Should on-water assistance be required, the D.C. Marine Police have jurisdiction. Once they arrive, they have authority over coaches and rowers. If the Police deem it necessary, some, or all, of the rowers involved in an emergency situation could be sent to a hospital for a check-up. At this point, our coaches have no say in the police decision process.

The Washington-Lee Crew Boosters and school administration have confidence in the abilities of our coaches to operate safely on and about the water.

Washington-Lee Crew and the Boosters welcome contributions that will help us to purchase new boats. Equipment is by far the largest expense category of the team. Without outside contributions, it would be very difficult for W-L Crew to buy new boats.

As a gesture of appreciation for large contributions intended for boat purchases, W-L Crew and the Boosters will consider donors’ preferences for names to be given to the new boats. Most appropriate are names of individuals or groups strongly identified with W-L Crew or Washington-Lee High School. Examples include past W-L Crew coaches and former athletes, W-L High School teachers and administrators, former W-L Crew parents, and other supporters of W-L Crew. Group names are also appropriate, such as “Class of 1959” or “Henley 1969”. Names of companies and other organizations not directly related to W-L Crew or High School will also be considered, upon request of the donors. A boat will retain its name for as long as it is part of the W-L Crew inventory.

In general, boat naming rights will require a donation to the W-L Crew Boosters of at least two-thirds of the cost of the boat to be named. Final decisions on boat naming will be made by the W-L Crew Boosters Executive Board, in consultation with the coaches and donors.

 adopted by the Washington-Lee Crew Boosters Board of Directors, 28 August 2008

Handling Complaints By Rowers And Their Parents

If a rower and/or his parent have a concern or complaint with any of the coaching staff, he or she is encouraged to discuss the concern directly with the coach.

If the concern is not resolved with the coach, the parent is advised to take the issue to the next higher level of authority until the issue is satisfactorily resolved by all involved.

The order of authority for the W-L crew program is as follows: Head Coach, Activities Director, School Principal, the County Education Department and then, the School Board.

Any member of the coaching staff with a concern should follow the same procedure.

On occasion the Crew Boosters, through their President or other Board members, may be able to help resolve issues that arise among the team, coaches, and parents,  the Crew Boosters have no formal role in personnel matters involving coaches.

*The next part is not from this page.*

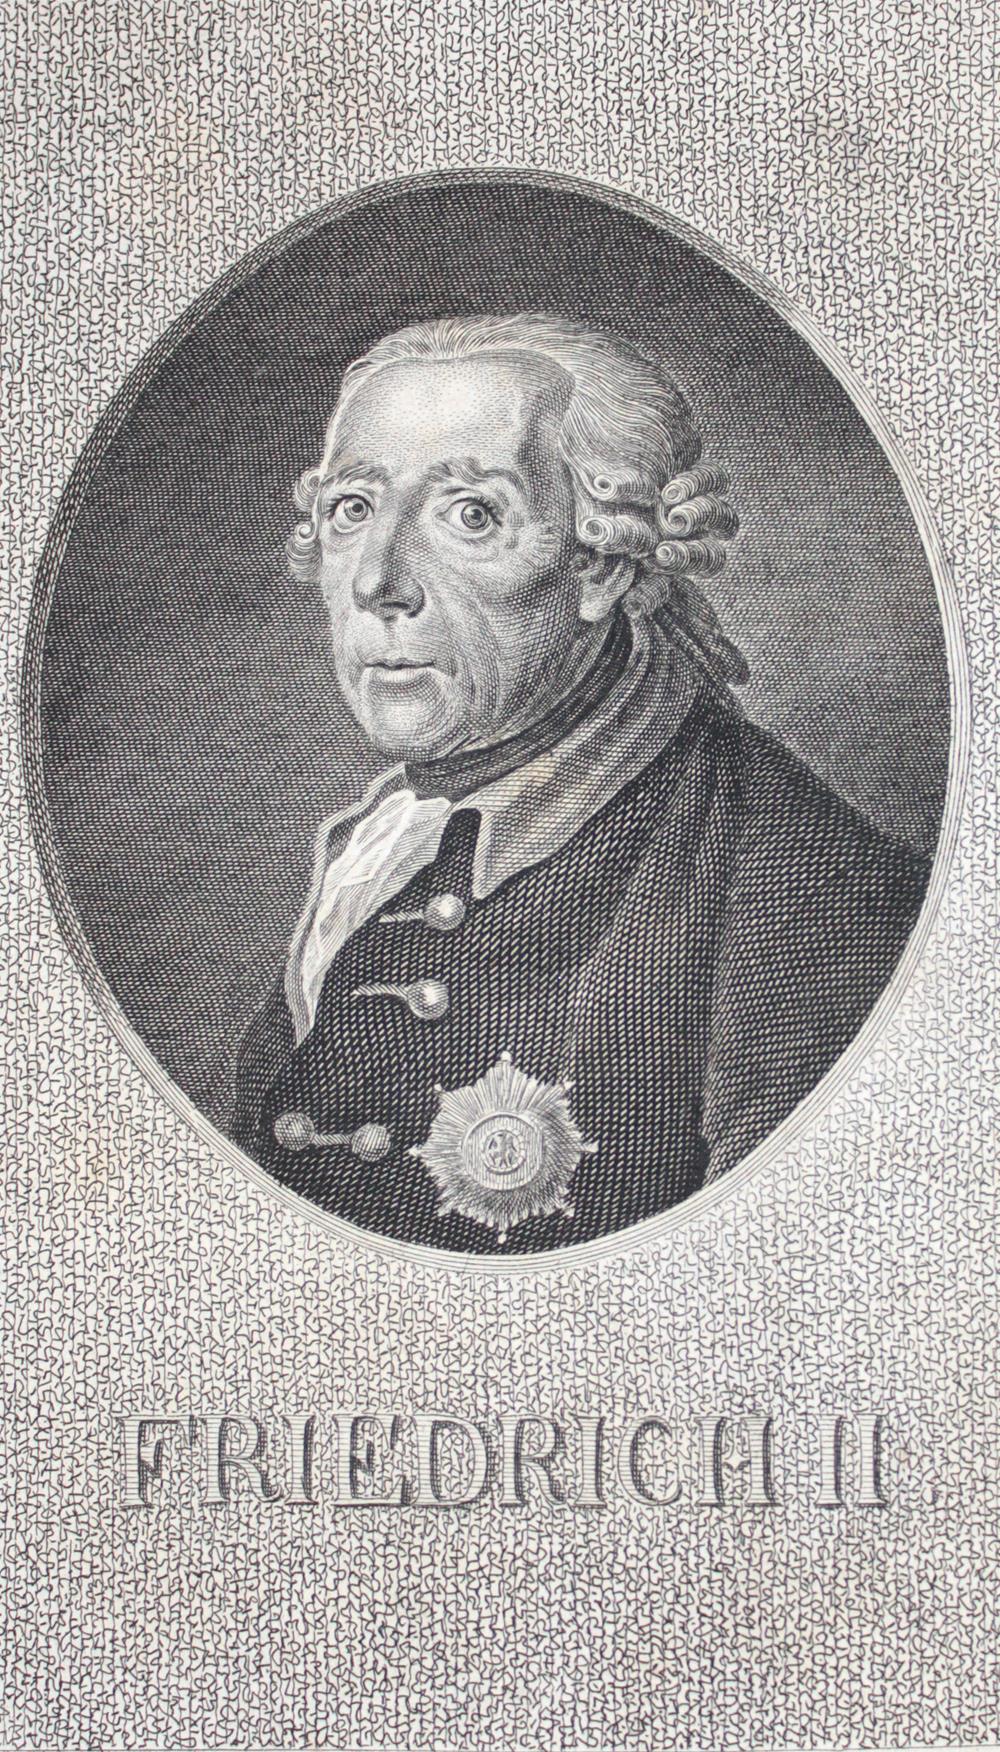 Friedrich II.

Pasta Party or Boat Dinners

Pasta Parties or Boat Dinners, while a team related activity, not an official event, have been a long standing tradition of W-L Crew. Their goal is to promote team spirit. On the evening of a regatta (or on the evening of travel to the regatta), members of one or several boats get together for a dinner. The host parent provides sauce, pasta, plates, cups, and utensils. The rowers bring all side dishes, bread, juice, and desserts. These evenings should not go late into the evening as a big day is ahead of each rower.

Each parent host will cook the pasta and sauce, but more importantly make sure that host home rules are not abused or the party does not get “out of hand.” Each parent host and rower is encouraged to read the section of “General Guidance on Behavior of Rowers” in this handbook.

The rowers organize the boat dinners. Hint: Girls have done a better job of this in the past. Here are some suggested guidelines:

Captains and coxswains should start the organization process.

  1. Decide who will host the dinner, rowers to ask permission of parents early in the week.
  2. Assign who will bring what side dishes, such as salad, veggies, bread, juice, desserts.
  3. Host family to give out directions, time, phone number, to each member of the boat
  4. Have fun. Boat dinners are a great opportunity for both parents and athletes to get to know teammates better.